Die hab ich schon auf einer, hab mittlerweile 1700, die immer noch nicht aufsteigen wollen und auf der Insel ist kaum noch platz...


----------



## Whitey (18. Mai 2010)

*AW: Anno 1404, Bevölkerung will nicht aufsteigen...*



> Die hab ich schon auf einer, hab mittlerweile 1700, die immer noch nicht  aufsteigen wollen und auf der Insel ist kaum noch platz...

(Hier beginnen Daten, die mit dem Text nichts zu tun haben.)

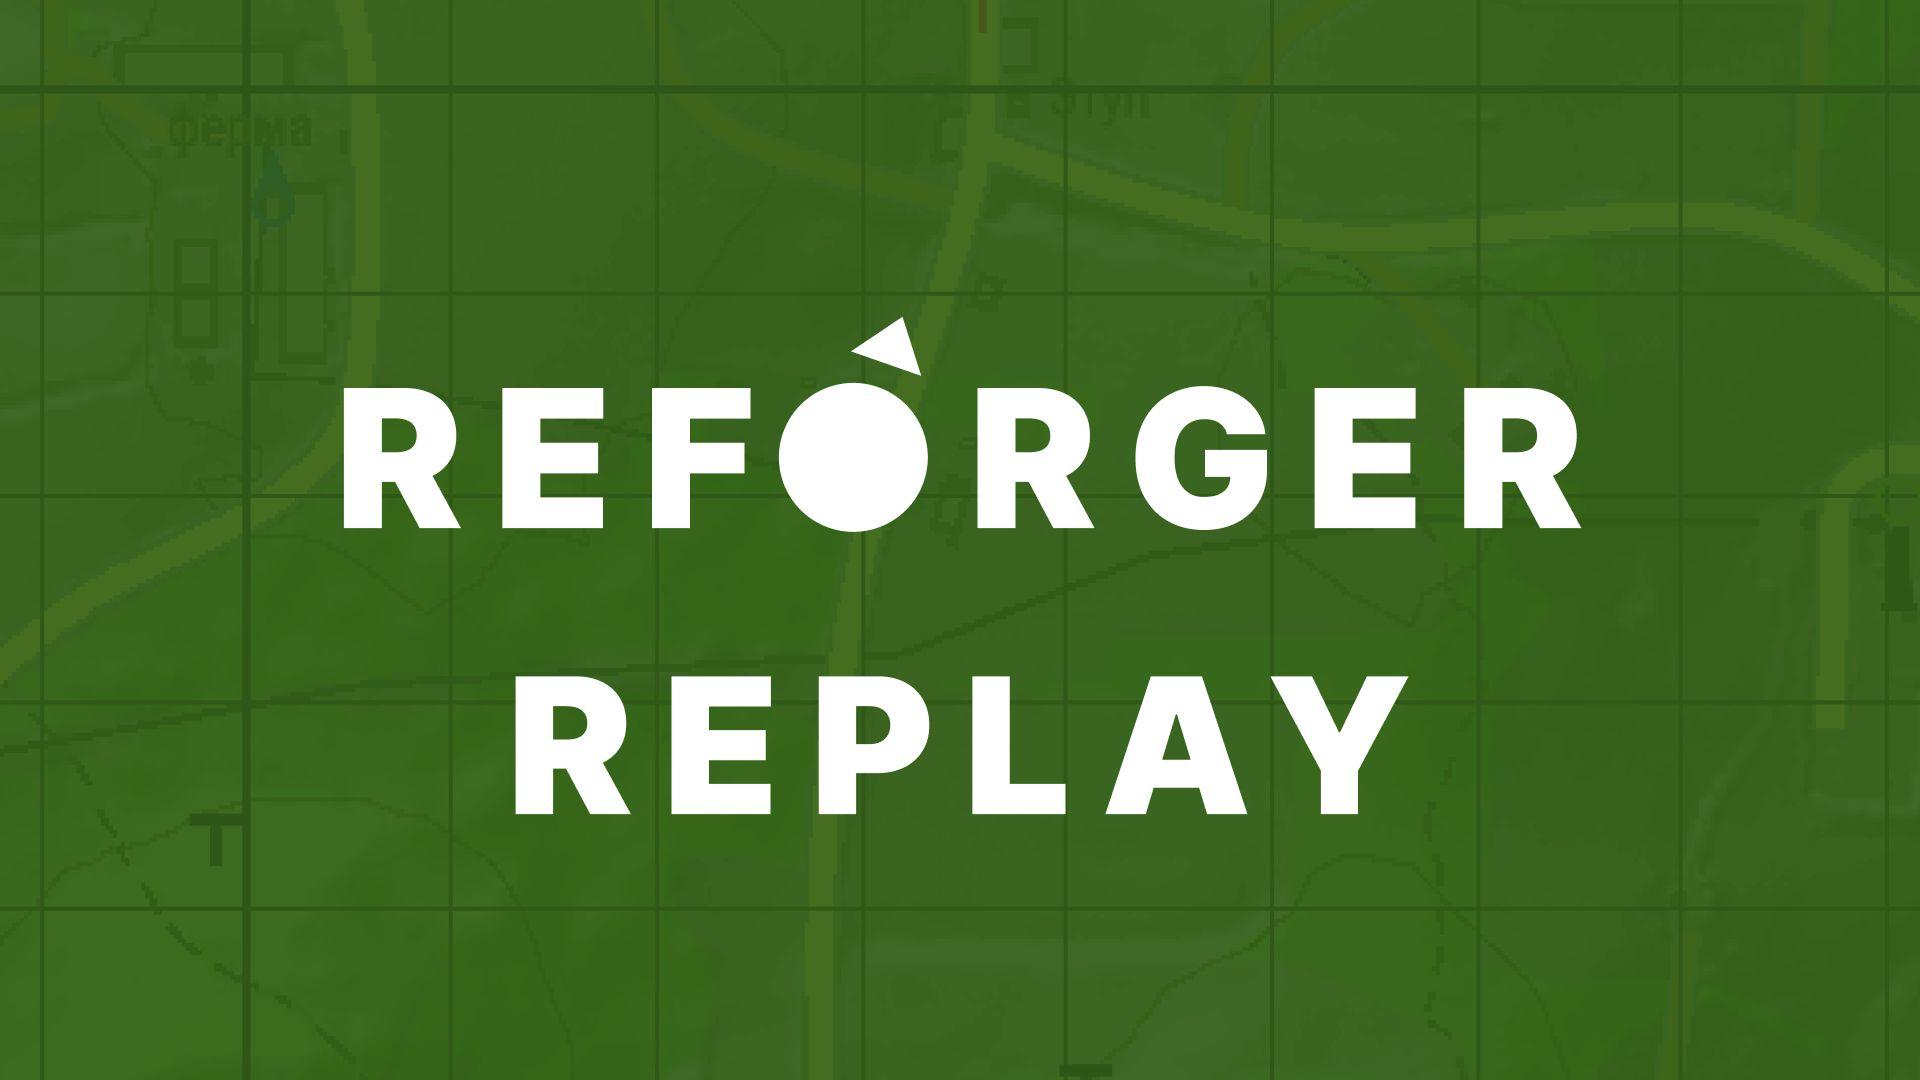 Reforger Replays

sorry, dann machst du irgendwas falsch, lies dir doch mal das Handbuch druch da stehen auch viele Tipps, also ich komm mit dem Spiel klar ,und so schwer zu verstehen ist das auch nicht, es wird dir ja wärend des spielens alles erklärt.


----------



## Flenor Eldar (18. Mai 2010)

*AW: Anno 1404, Bevölkerung will nicht aufsteigen...*

Verstanden hab ich ja alles, ich hab nur das Problem, das die Patrizier nicht aufsteigen wollen...
Gesandte hab ich mittlerweile 16 Stück =D


----------



## Herbboy (21. Mai 2010)

*AW: Anno 1404, Bevölkerung will nicht aufsteigen...*

Haben die Patrizier wirklich alle Waren auch immer lang genug ohne Unterbrechung? Wenn die mal kurz zB keine Bücher haben, dann dauert es wieder ne Weile, bis die aufsteigen können. Es reicht nicht, dass die Bücher weider bei 100% sind, sondern die müssen da auch ne Weile bei 100% bleiben.

Was auch sein kann: zuviele Bettler auf den Straßen, bau mal Armenhäuser, wenn dem so ist. Das hat mal bei einer der Missionen geholfen, bei der man verschollene Kinder wiederfinden muss.

Wegen der Steuern: Du weiß, dass man die bei Bauern, Bürgern und Patriziern separat einstellt? Vlt. sind die bei Patriziern halt zu hoch? 


Du kannst ja auch mal die Aufstiegsrechte sperren: kommen dann über Patrizierhäusern diese tanzenden Pfeile? Wenn ja, dann fehlt nur Baumaterial - Glas haste aber genug? Zum Aufstieg brauchst Du halt bei Adeligen auch Glas.


----------



## nonamehero95 (21. Mai 2010)

*AW: Anno 1404, Bevölkerung will nicht aufsteigen...*

bist du auch sicher das die stuerschraube im DUNKELGRÜNEN bereich ist?
hab das bei mir ma ncht gescheckt, als ich nioch neu war


----------



## Flenor Eldar (22. Mai 2010)

*AW: Anno 1404, Bevölkerung will nicht aufsteigen...*

Jo, weiß ich alles und hat auch alles gepasst... Hab neu angefangen und diesmal dieses Problem nicht...

PS: Ich bin kein Anno Neuling...


----------



## nonamehero95 (24. Mai 2010)

*AW: Anno 1404, Bevölkerung will nicht aufsteigen...*

ich auch nicht. ich wollte ja nur helfen


----------